There are countless documented cases of gang rapes and brutal murders. The most infamous case is February 23, 1991, gang rape and torture at Kunan Poshpora involving elderly women, young girls, pregnant women, as well as the torture of men. The Indian government had successfully stonewalled justice on this monstrous human rights crime for 22 years, but on the anniversary of Kunan Poshpora in 2013, Samreena Mushtaq, who had documented sexual violence cases for the Jammu and Kashmir Coalition of Civil Society (JKCCS), along with other activists petitioned the Jammu and Kashmir High Court to reopen the case and a magistrate ordered a new investigation. In 2015, Mushtaq and four other women activists wrote “Do you remember Kunan Poshpora?” as an exposé of the character of the crime and the cover-up by the Indian state and armed forces. Activists have also designated February 23 as ‘Kashmiri Women’s Resistance Day’ so legal action will be augmented with political action which can be memorialised around the world in solidarity.

Stonewalling and impunity are where the politics of rape come in.
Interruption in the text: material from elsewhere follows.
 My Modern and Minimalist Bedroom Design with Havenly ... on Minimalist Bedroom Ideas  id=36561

These mass rapes are not cases of undisciplined troops on a sexual crime spree but are methodically calculated and orchestrated military operations to socially fracture and politically demoralise the Kashmiri struggle for self-determination. The chief instrument of military impunity is the draconian law called the ‘Armed Forces Special Powers Act’ which legalises extrajudicial killings and prevents prosecution of military and paramilitary forces so that not a single soldier has ever been prosecuted for rape or murder.
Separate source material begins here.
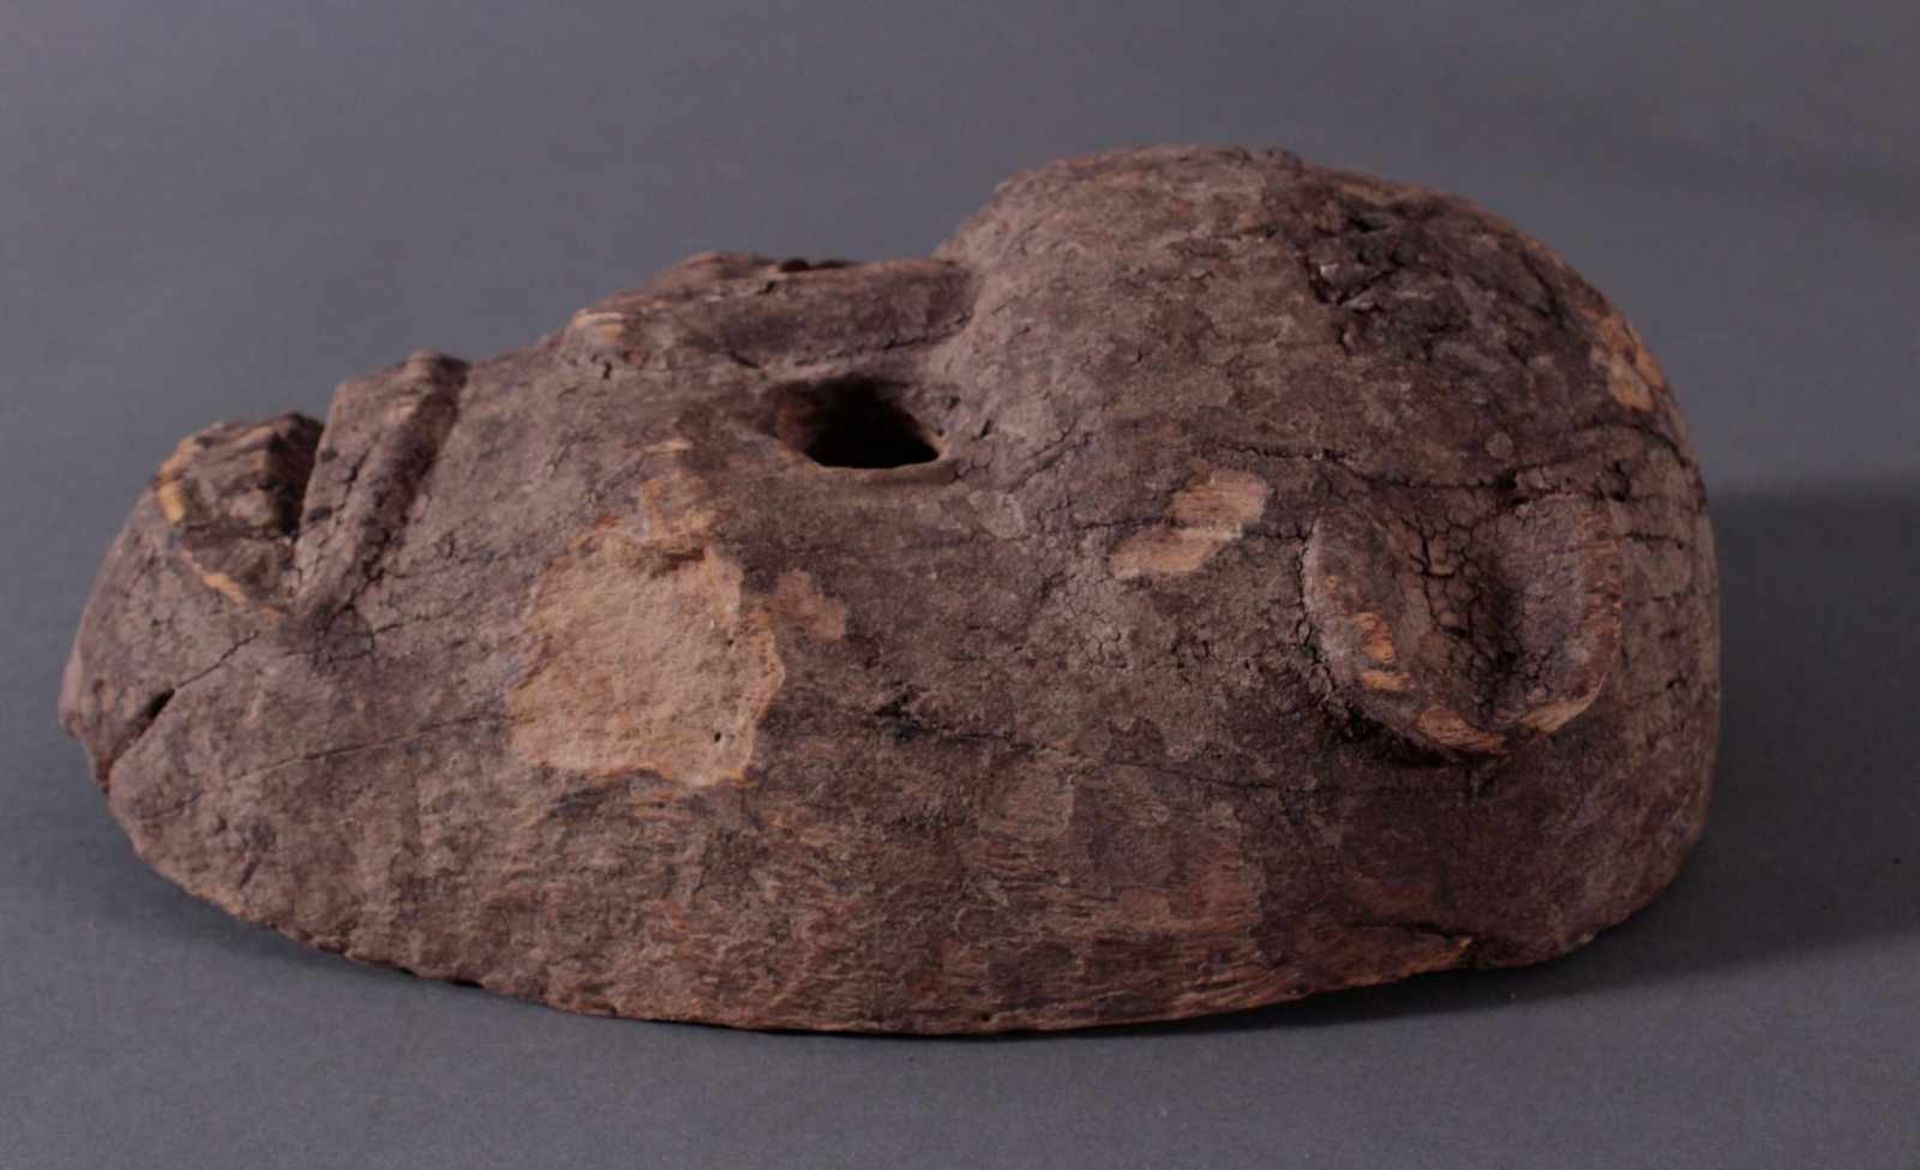 Antike Zoomorphe Maske, Makua, Tansania 1. Hälfte 20. Jh.Hartholzolz, alter Wurmfrass, dunkle Patina - Bild 3 aus 6

None of the cases cited here have received anything close to justice; all are still being fought out and there are thousands more sexual crimes associated with the military in countries around the world. But activists are now challenging sexual violence as an instrument of war which is part of opposing war and occupation, and are showing that social stigma and shame will not be a deterrent to fighting for justice but only inspire them to fight harder.

Kashmiri activists are showing particular boldness and it will be an honour to commemorate Kashmiri Women’s Resistance Day with them on February 23, 2017.